What impact will the roll-out of 5G and the proliferation of the internet have on the digital infrastructure opportunity set going forward?
Clearly, demand for bandwidth capacity is ever increasing, and the roll-out of 5G is occurring and requires financing. However, this seems to be more on a corporate basis for now.
What was important for asset managers was to reassure institutional investors that the 5G roll-outs would not be disruptive to the fibre to the home business plans in the medium and long term, and that actually they can be complementary, for example, for urban networks, with a view also to being environmently friendly. Therefore, we do not see technology risk as being any more pronounced in this sector than any other.
What is your approach to the evolving regulatory environment for digital infrastructure?
Our philosophy is to ensure we have a team that understands the latest technologies and how regulatory plans are likely to evolve. It is, therefore, important to have close relationships with the equipment suppliers and operators as well as with government and regulators. Being able to identify and mitigate risks appropriately, extensively and efficiently is part of the job.
And how are you approaching origination in the digital infrastructure sector? Is this an area where asset managers can differentiate themselves?
You differentiate yourself by being able to deliver on what you promised to your investors. Every leading asset manager will say they can source assets through their strong network of relationships with financial and industrial sponsors. The important thing is to make sure you actually do, and that your investment team have such a track record and have relationships with borrowers in order to source strong proprietary transactions that you can structure.
The senior level of our investment team brings over 20 to 30 years of deal structuring experience each, meaning they are trusted by sponsors. They can design debt structures which are tailor made to the underlying projects while meeting the requirements of our investors and providing a sustainable capital structure for the borrower.
We try, as much as possible, to enter a deal at an early stage and to source proprietary transactions, as an early mover and price setter. We are also keen to ensure, to the extent possible, that for those investors that have invested in several asset managers, we bring asset diversification and not
What does the future hold for the digital infrastructure sector and the role of asset managers, such as yourselves, within it?
This sector is rapidly maturing right now.
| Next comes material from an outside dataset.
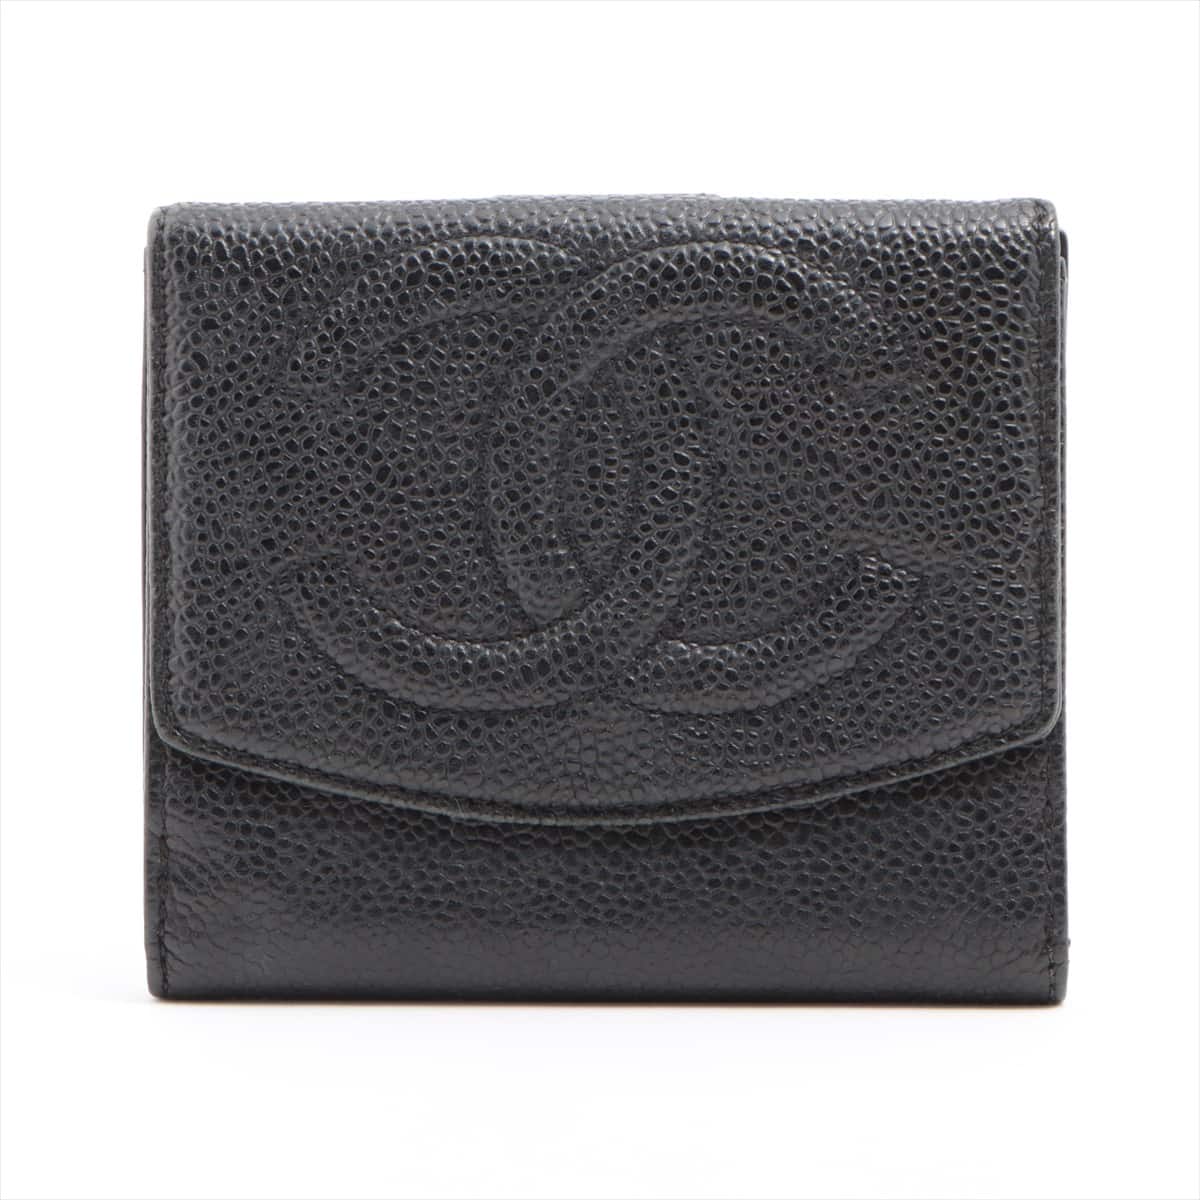 Chanel Coco Mark Caviarskin Wallet Black Gold Metal fittings 3XXXXXX

Demand is growing and is strong and steady; technology is evolving to meet ever-increasing capacity requirements. As a result, the pipeline for digital infrastructure is very strong. We are currently raising our BRIDGE fifth vintage, and I have absolutely no doubt that digital infrastructure will constitute a significant portion of our portfolio. Investments already closed in the beginning of this year are evidence of it
As a lender, how do you approach ESG in this sector? And how do you view digital infrastructure’s impact on the energy transition?
As a lender, and as a group, we have always been highly committed to ESG. In concrete terms, that means having an ESG policy and process in place, covering the way we source investments, the way we structure them and the way we monitor and report.
For example, our latest funds now measure the CO2 impact and contribution to the 2050 global warming reduction target for each investment using independent consultants to measure such impact. Equally, we have been closely monitoring the introduction of the EU’s Sustainable Financial Disclosure Regulation.
In terms of the sector itself, the ability to work from home and hold meetings by video conference is clearly a good way to reduce CO2 emissions by reducing travel. And we like to finance data centres which are powered by renewable energy. Finally, the digital infrastructure sector has created a great number of jobs, which is also a key indicator in our ESG reporting.